Although directing IMat is quite time intensive, it has opened up many new domains of learning for me in various materials classes that have significantly enhanced my own research and level of effectiveness as a communicator, teacher, and faculty colleague.

How do you plan to develop your own research and IMAT in the future?

At this stage of my career, the production of books or monographs in several key areas is high on my priority list, including nonequilibrium evolution of microstructures, microstructure-sensitive fatigue modeling, coarse-graining methods in atomistic modeling of defects, and application of uncertainty methods in materials discovery and development. As the years go by, I tend to place more emphasis on the success and contributions of my former and current students. I am interested in continued efforts towards gaining fundamental new understanding in the role of interfaces in dislocation-mediated plasticity, as well as phase transitions and growth of dislocation substructures.
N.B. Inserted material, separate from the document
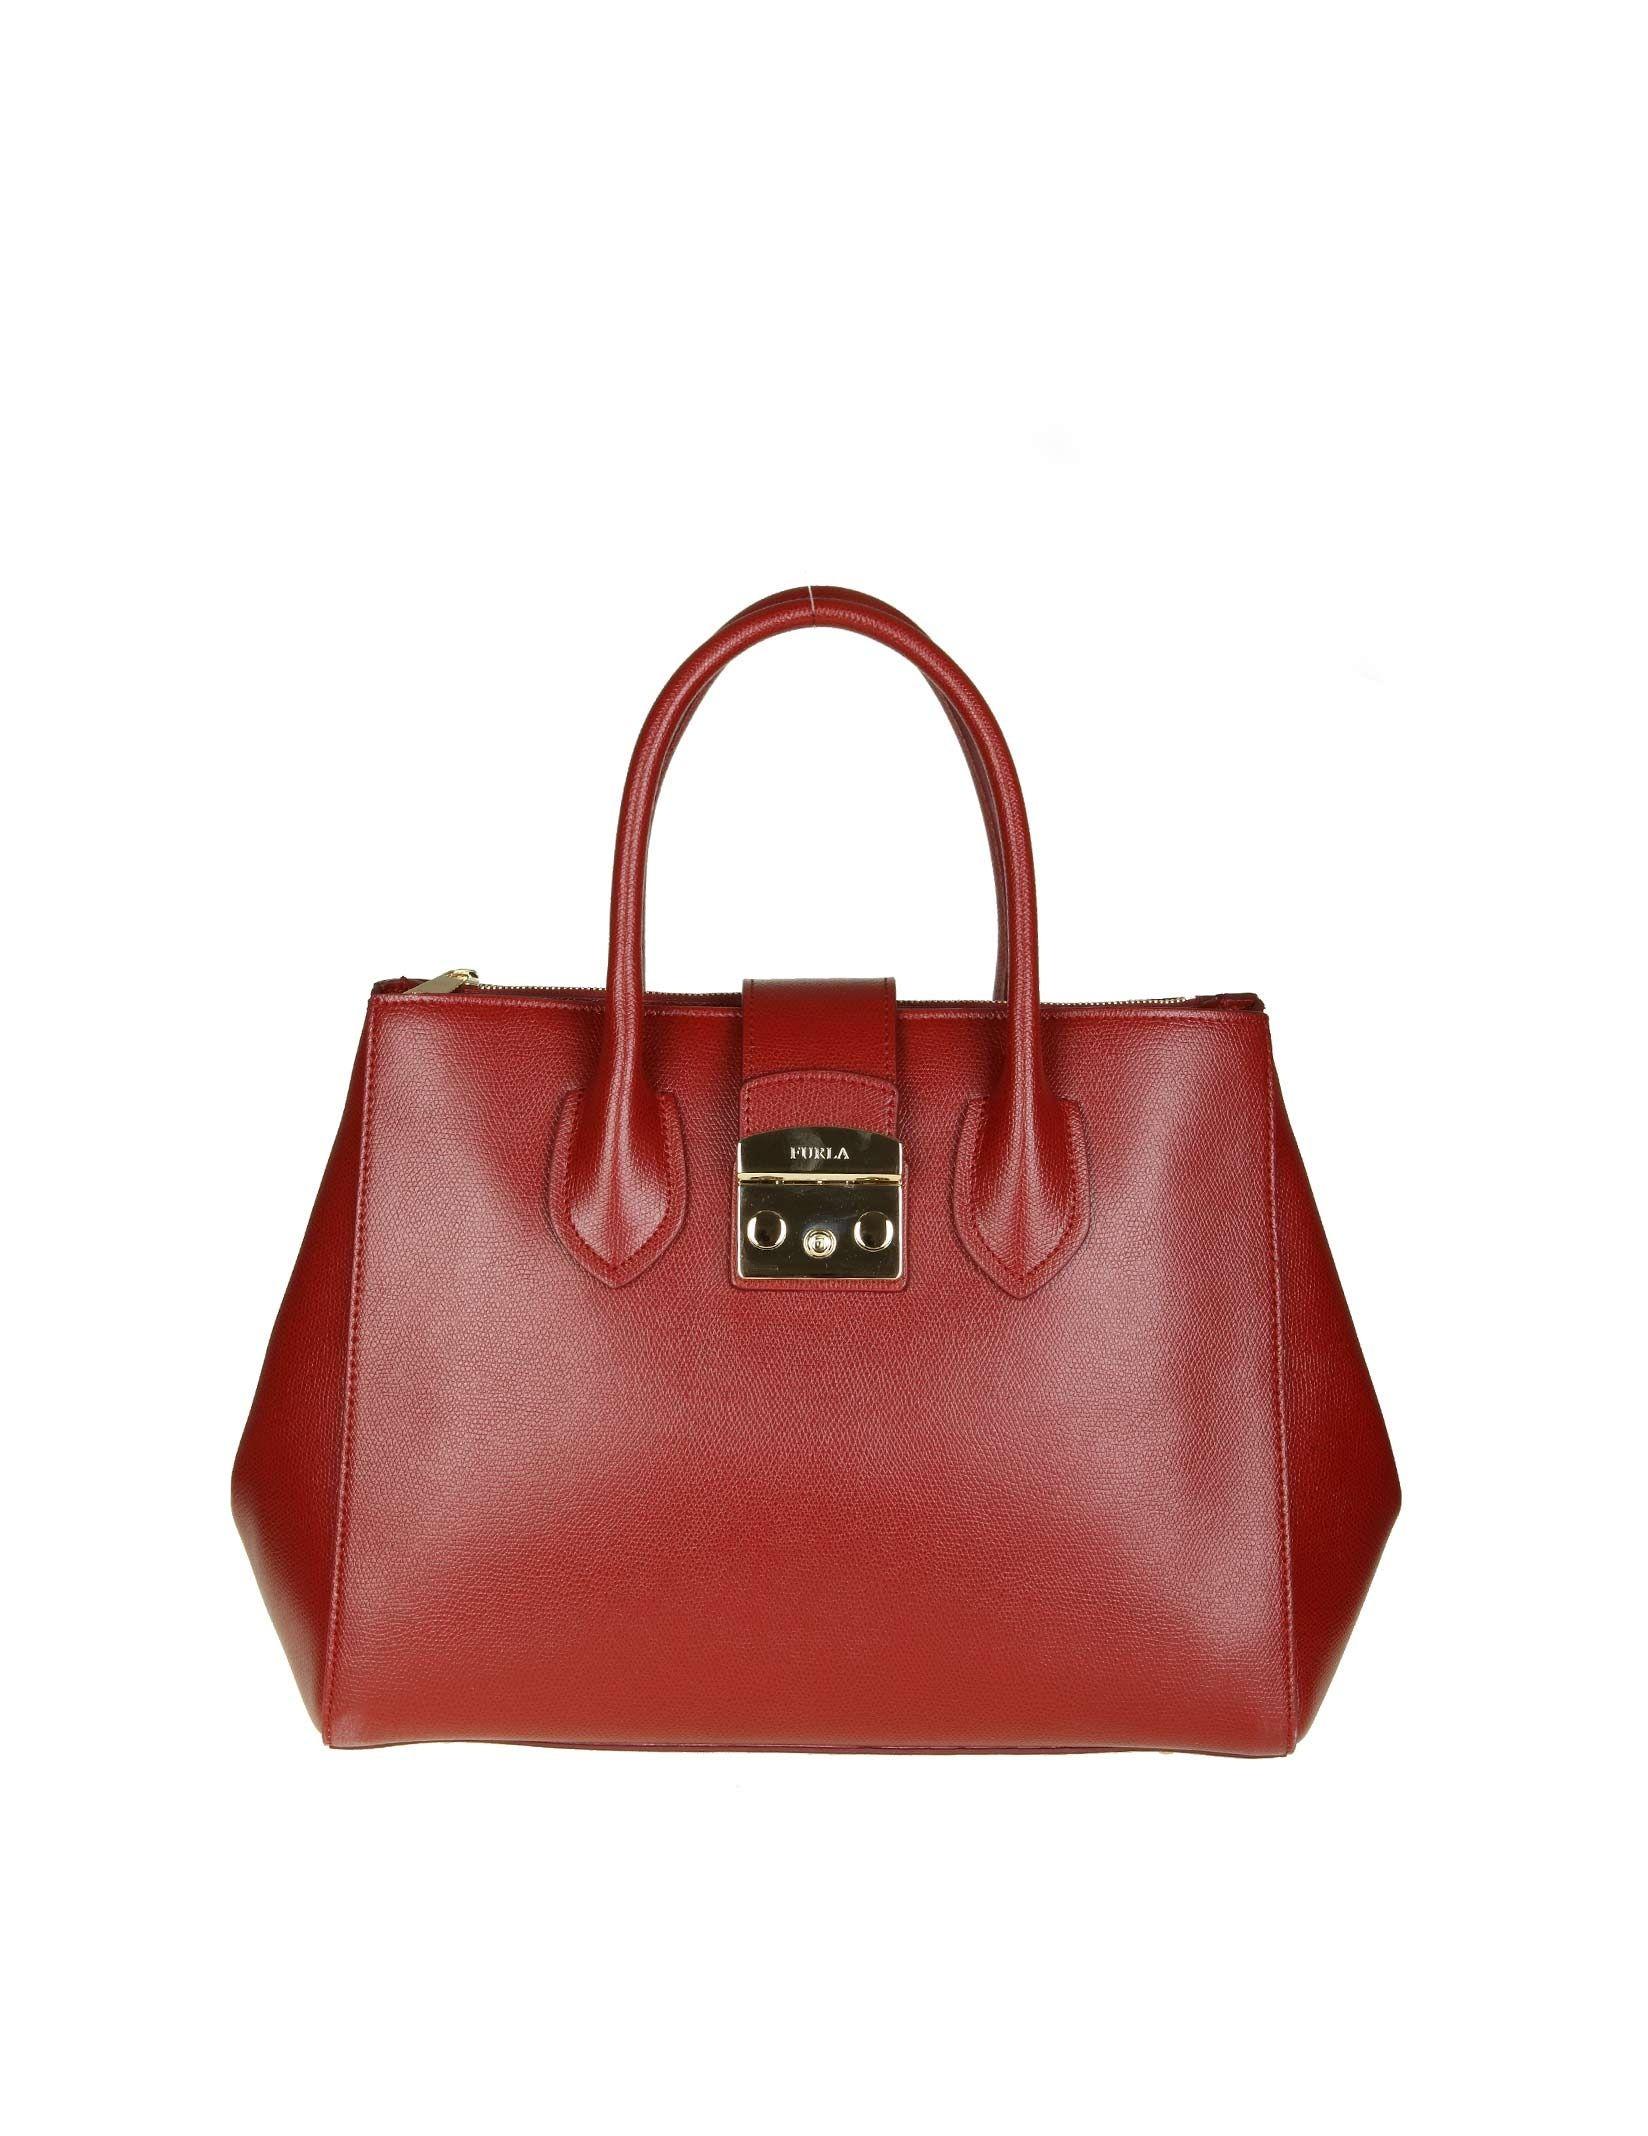 Furla Red Leather Handbag - Lyst

With regard to IMat, I would very much like to see some of our concepts related to the materials innovation ecosystem ‘catch hold’ and expand more broadly into materials curriculum and regional/national network interactions aimed at accelerating materials discovery and development. The updated 2017 strategic plan for IMat calls for emphasis on coupling data science with in situ experimental methods for synthesis and characterization, development of new approaches for lab-to-cloud digital materials infrastructure, and future workforce development in materials innovation. In spite of its large footprint in materials, Georgia Tech by itself is far too limited to realize all these aims alone; by definition, the development of a data science-enabled future of materials research and development lies in the hands of many stakeholders with common interests and objectives.

Key publications

  1. D.L. McDowell. Viscoplasticity of heterogeneous metallic materials. Materials Science and Engineering R: Reports 62 (2008) 67-123
  2. D.L. McDowell. A perspective on trends in multiscale plasticity. International Journal of Plasticity, Special Issue in honor of David L. McDowell 26 (2010) 1280-1309
  3. D.L. McDowell, F.P.E. Dunne. Microstructure-sensitive computational modeling of fatigue crack formation. International Journal of Fatigue, Special Issue on Emerging Frontiers in Fatigue, 32 (2010) 1521-1542
  4. G.M. Castelluccio, W.D. Musinski, D.L. McDowell. Recent developments in assessing microstructure-sensitive early stage fatigue of polycrystals. Current Opinion in Solid State and Materials Science 18 (2014) 180-187
  5. D.L. McDowell, J.H. Panchal, H.-J. Choi, C.C. Seepersad, J.K. Allen, F. Mistree. Integrated design of multiscale, multifunctional materials and products. Elsevier, (2009).
  6. J.H. Panchal, S.R. Kalidindi, D.L. McDowell. Key computational modeling issues in ICME. Computer-Aided Design 45 (2013) 4–25
  7. S. Xu, R. Che, L. Xiong, Y. Chen, D.L. McDowell. A quasistatic implementation of the concurrent atomistic-continuum method for FCC crystals. International Journal of Plasticity 72 (2015) 91-126
  8. D.L. McDowell, S.R. Kalidindi. The Materials Innovation Ecosystem:  a key enabler for the Materials Genome Initiative. MRS Bulletin 41 (2016) 326-335
  9. D.L. McDowell, New and improved materials in the next production revolution, Chapter 6, in: The Next Production Revolution: Implications for Governments and Business, Organization for Economic Cooperation and Development (OEDC) Publishing, Paris, (2017), pp. 215-239.